◆ **Required action**
Copy, word for word, the lines of the entries below between the one with "Female Superhero Coloring" and the one with "Vinyl Clear Powder-Free", inclusive, and leave out everything else.

◆ **Data supplied**
- Opening Delimiter -
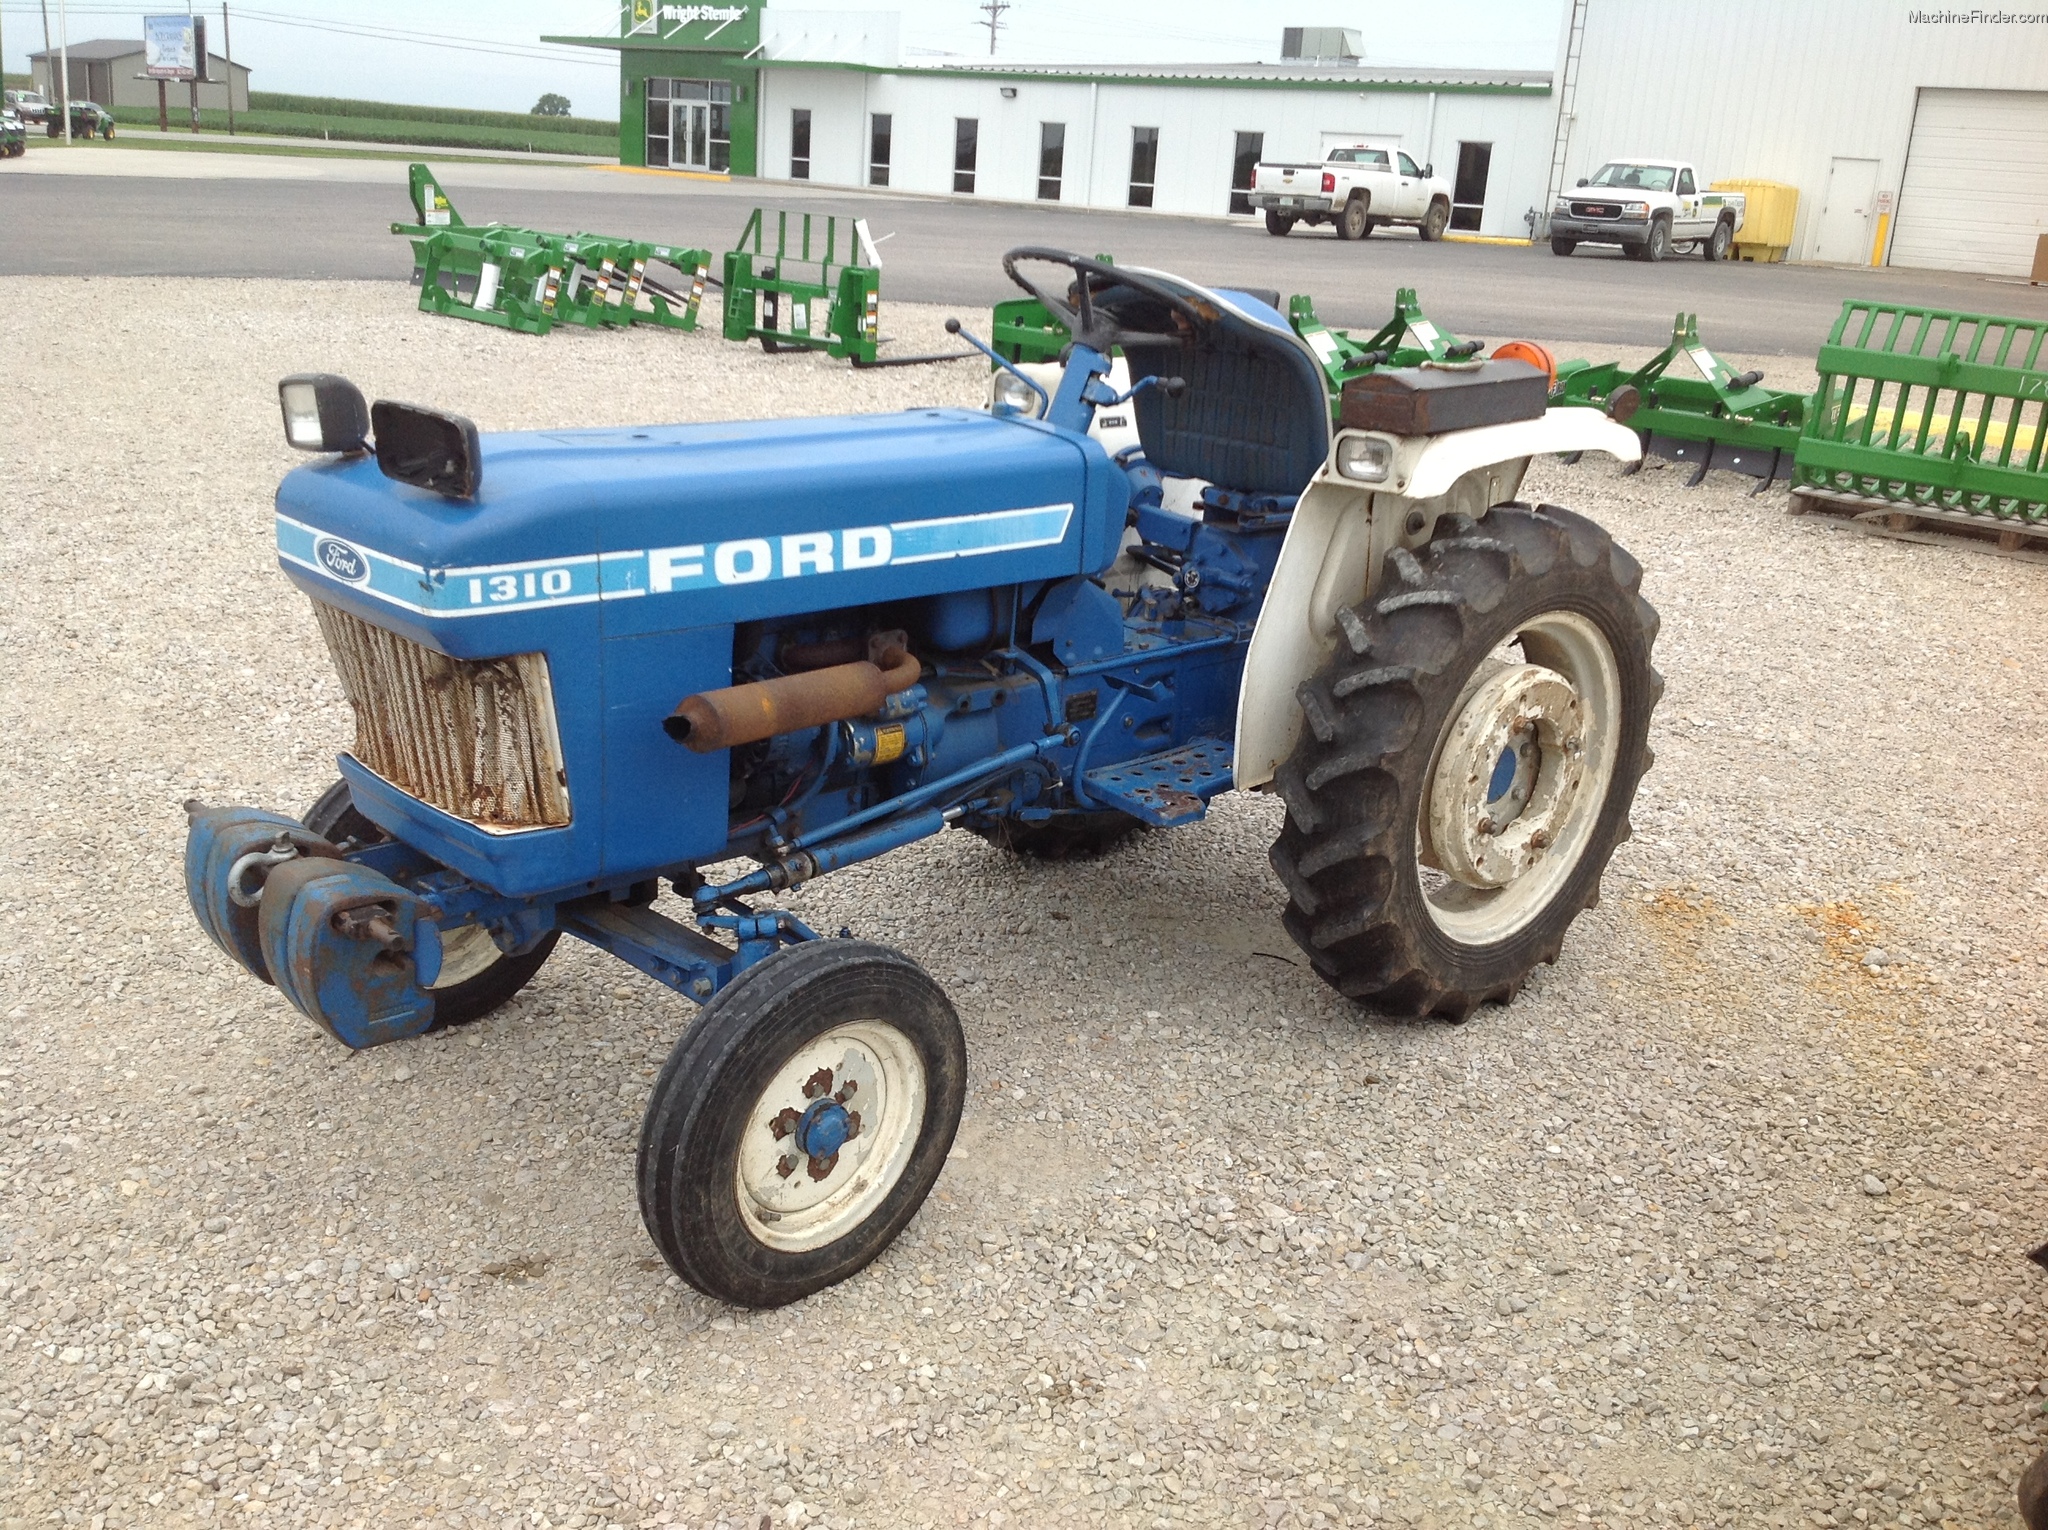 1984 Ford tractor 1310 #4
- Closing Delimiter -
- Opening Delimiter -
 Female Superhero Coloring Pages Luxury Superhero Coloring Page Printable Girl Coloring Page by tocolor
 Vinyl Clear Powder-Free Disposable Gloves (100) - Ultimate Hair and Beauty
- Closing Delimiter -
- Opening Delimiter -
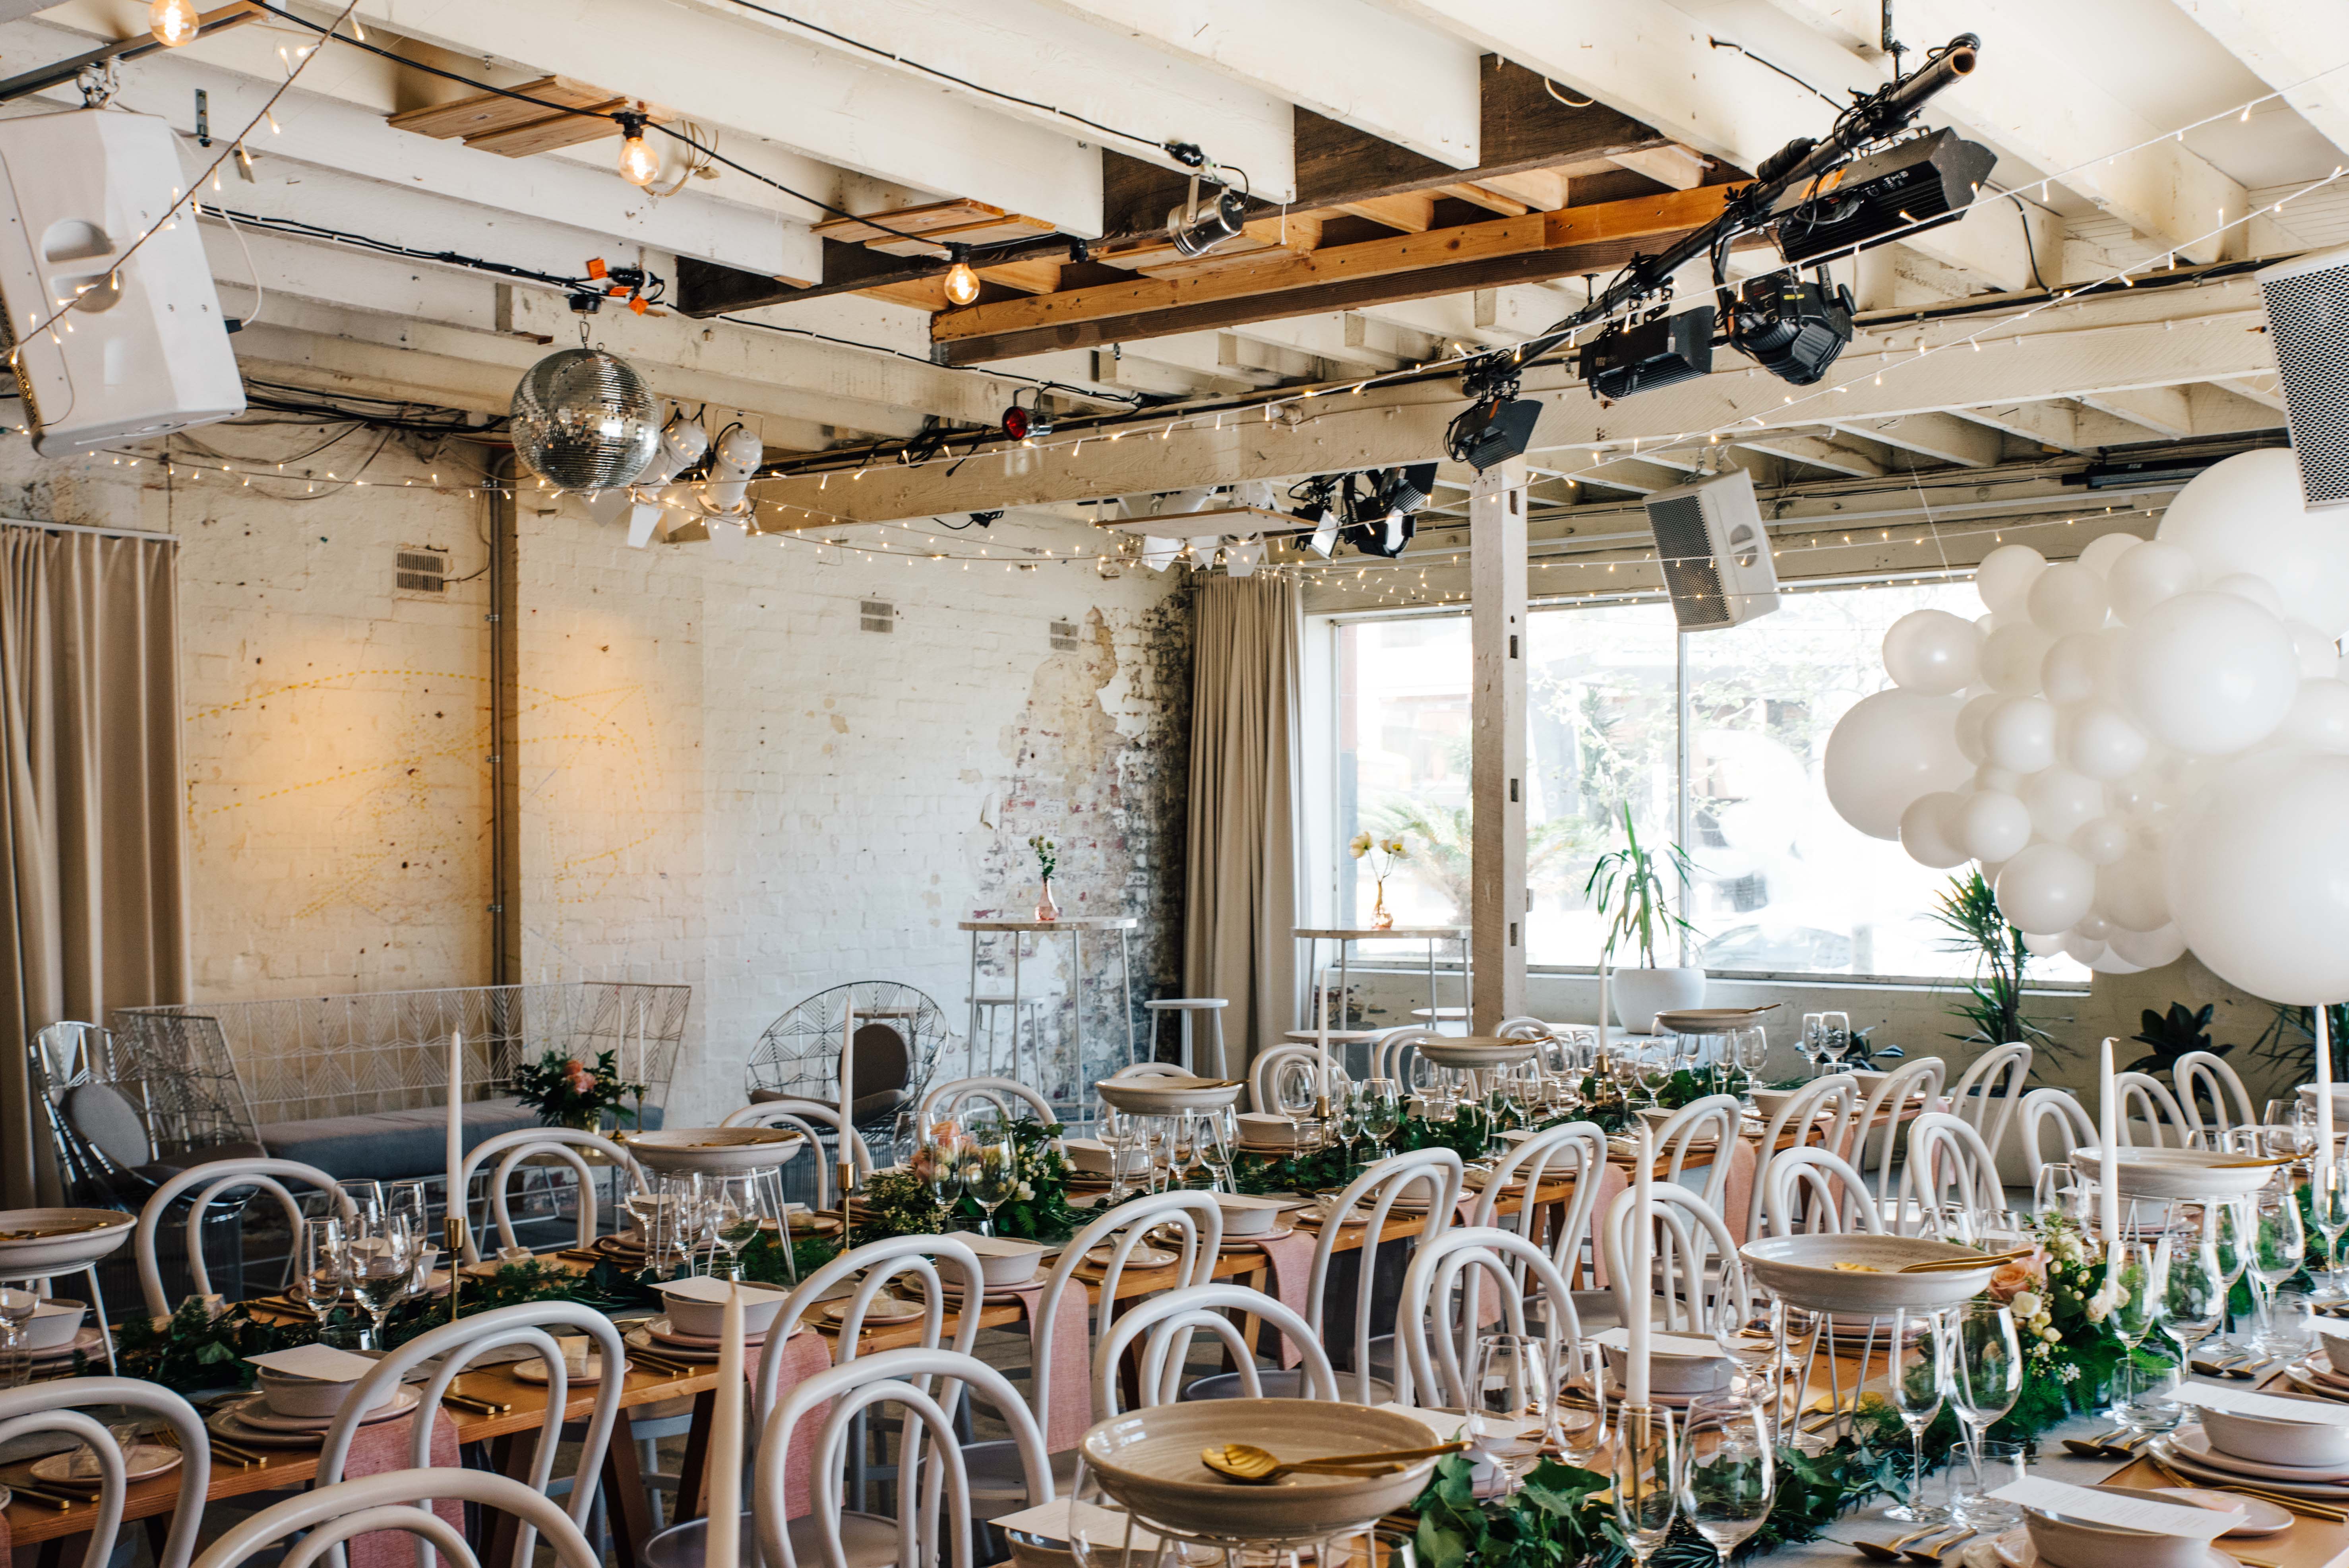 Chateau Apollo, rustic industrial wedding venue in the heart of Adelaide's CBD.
- Closing Delimiter -
◆ **Task output**
 Female Superhero Coloring Pages Luxury Superhero Coloring Page Printable Girl Coloring Page by tocolor
 Vinyl Clear Powder-Free Disposable Gloves (100) - Ultimate Hair and Beauty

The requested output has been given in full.